Fig. 436 Feedback biasing concepts A. Negative feedback biasing concept with VCCS bias controller B. Negative feedback biasing concept with VCVS bias controller

In the circuit from Fig. 436A, the bias circuit controls the DC operating voltage of the output port by adding a DC current to the input of the negative feedback amplifier. This feedback biasing scheme can be applied if the negative feedback amplifier has a nonzero DC transimpedance factor. AC coupling at the source or the load is not always necessary. It has to be applied if no DC current is allowed to flow through the source or the load and if the DC source impedance or the DC load impedance equals zero.
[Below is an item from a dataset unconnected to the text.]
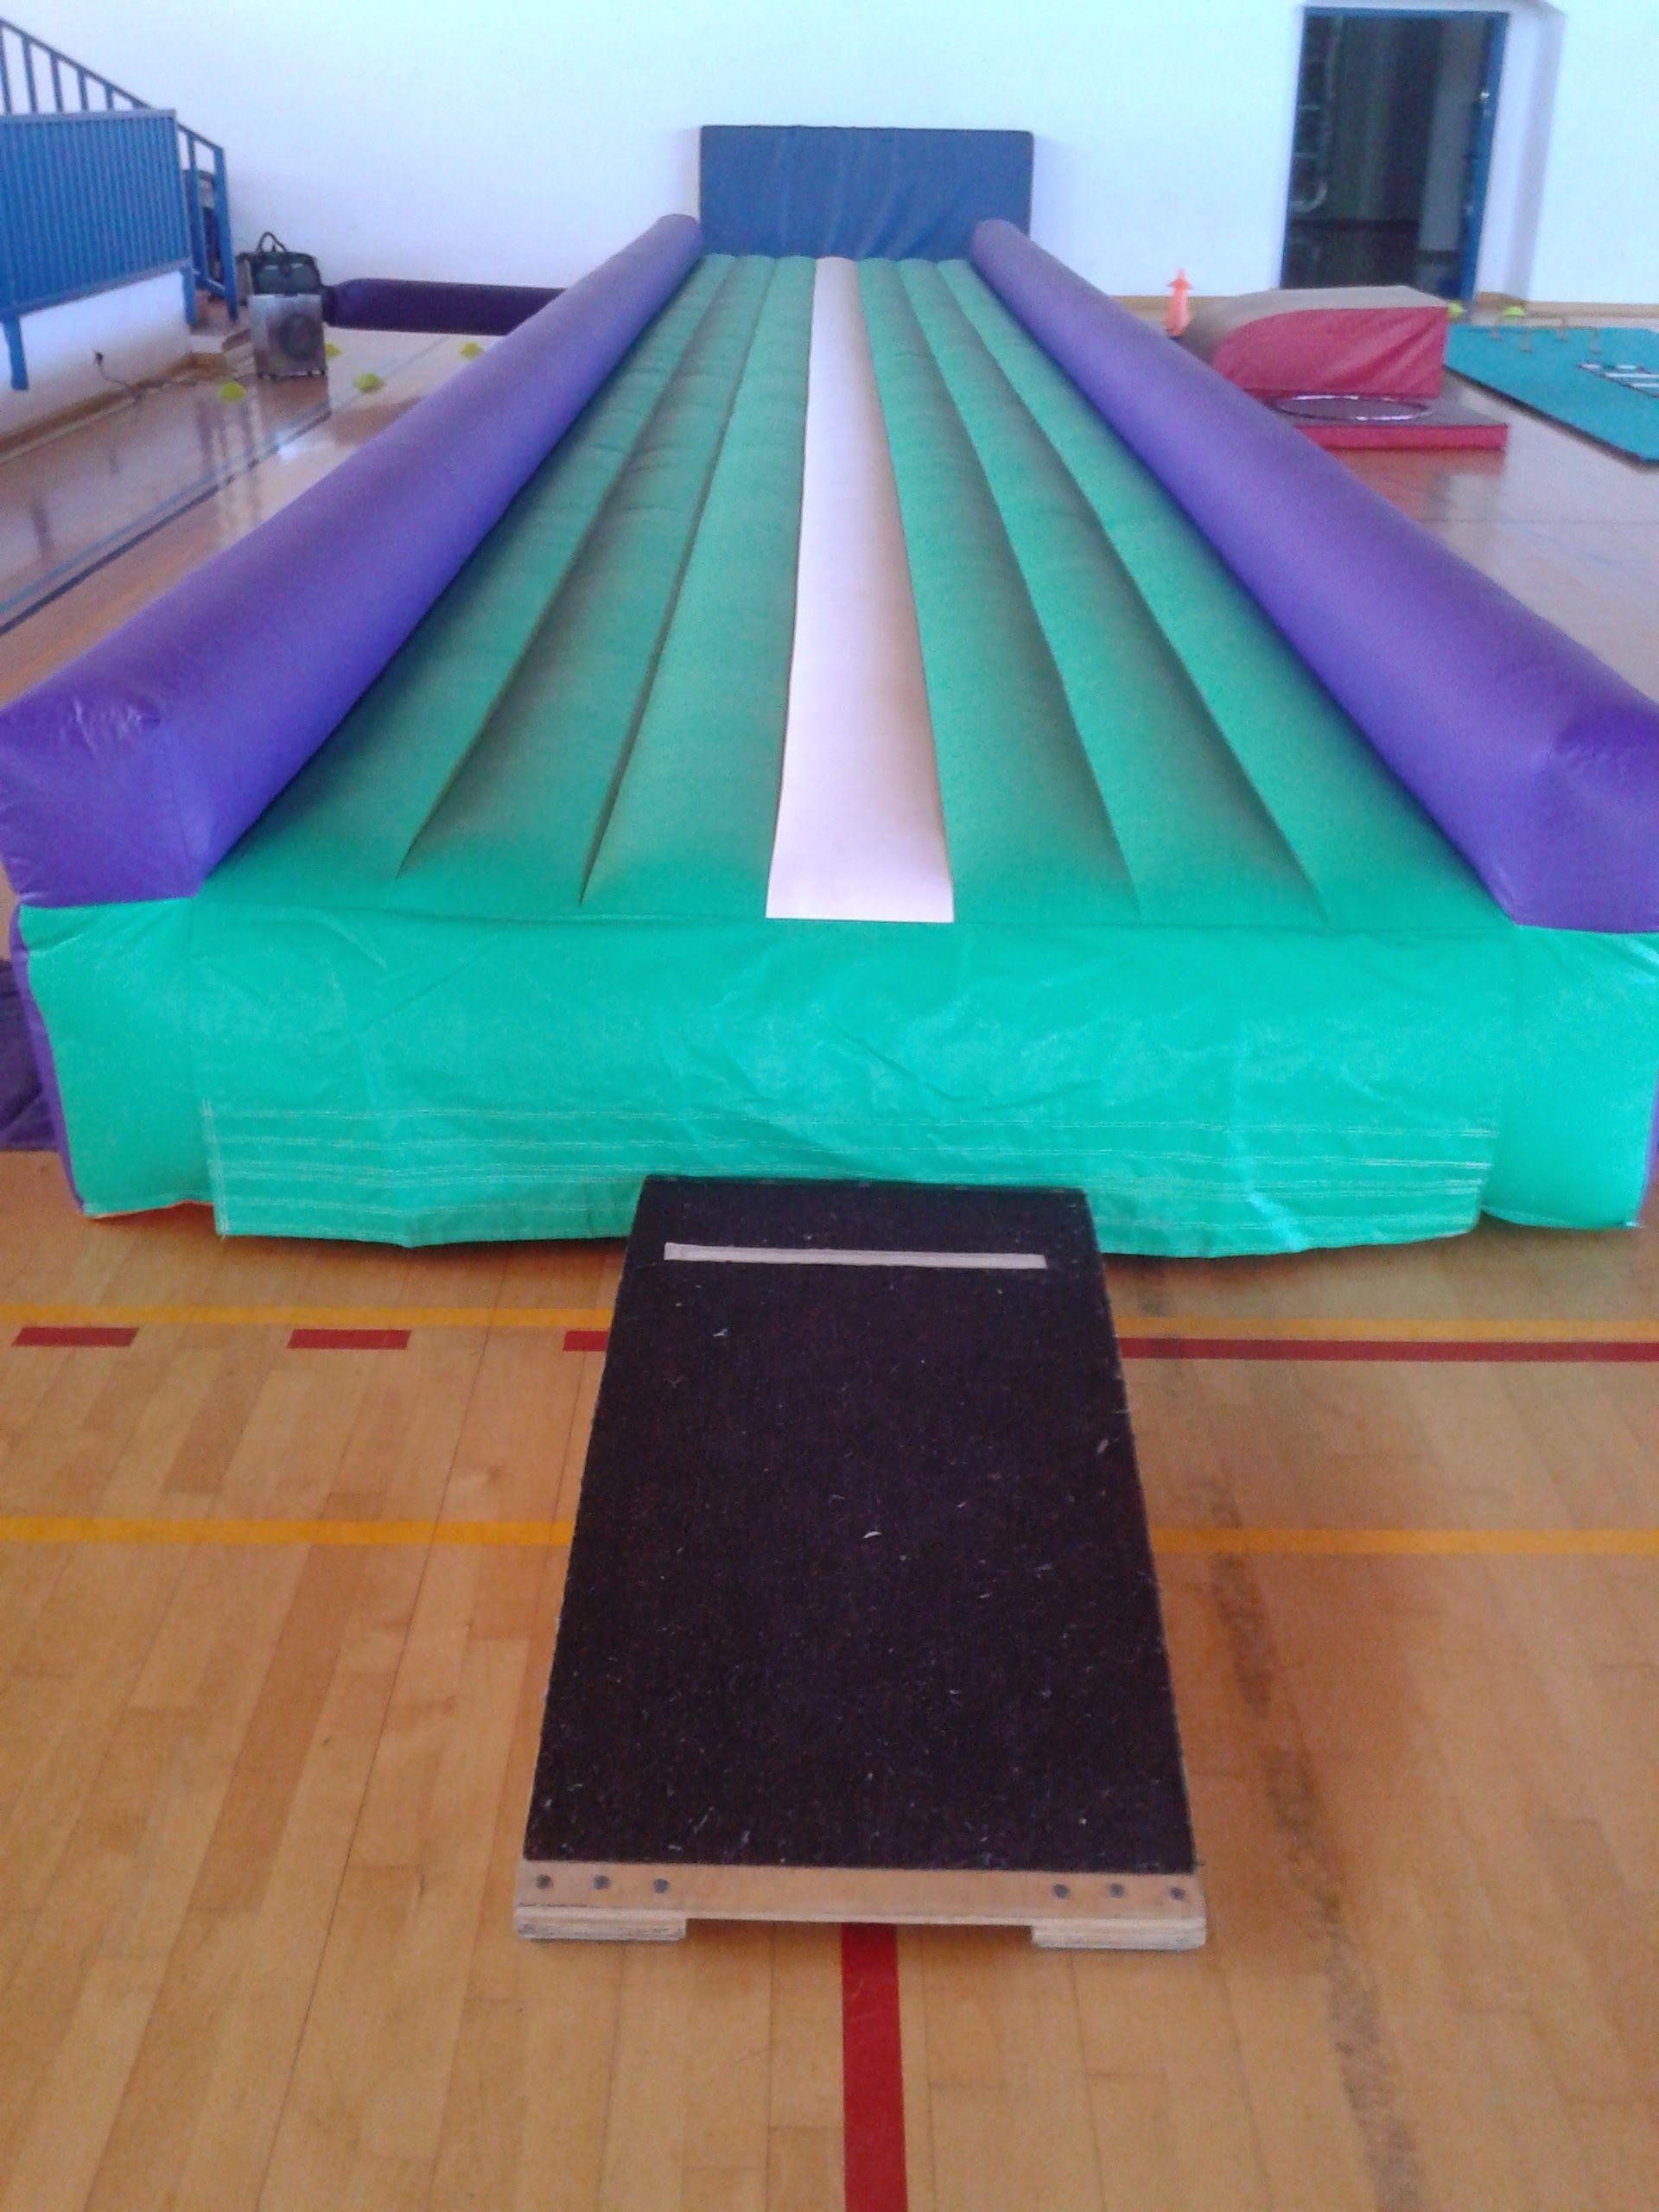 Tumble track ready for springboard practice | Gymnastics ...

In the circuit from Fig. 436B, the bias circuit controls the DC operating voltage of the output port by adding a DC voltage to its input. This feedback biasing scheme can be applied if the negative feedback amplifier has a nonzero DC voltage gain factor. AC coupling at the source or the load is not always necessary. However, it has to be applied if no DC current is allowed to flow through the source or the load and if the DC load impedance equals zero. If the source has been AC coupled to the amplifier, a nonzero DC bypass has to be created for setting the DC voltage at the noninverting input of the feedback amplifier. In the circuit from Fig. 436B, \(Z_{p}\) performs this task.

Dynamic behavior with feedback biasing

In the frequency range of interest, the values of the transmission parameters of the amplifier should not be affected by the biasing. Hence, at those frequencies, the coupling capacitors should behave as short circuits and the gain in the bias control loop should approximate zero. In the concept from Fig. 436A, the transmission parameter \(C\) can be affected by the bias loop, while in the concept from Fig. 436A, the transmission parameter \(A\) could be changed. Aside from affecting the transmission parameters of the amplifier, too small values of the coupling capacitors also deteriorate the signal-to-noise ratio and the power efficiency.

The poles introduced by the coupling capacitors, as well as the dynamic behavior of the controller, should be designed such that a stable MFM high-pass character will be obtained. The general approach to the design of feedback biasing circuitry is as follows:

1. Use the idealized model for the negative feedback amplifier.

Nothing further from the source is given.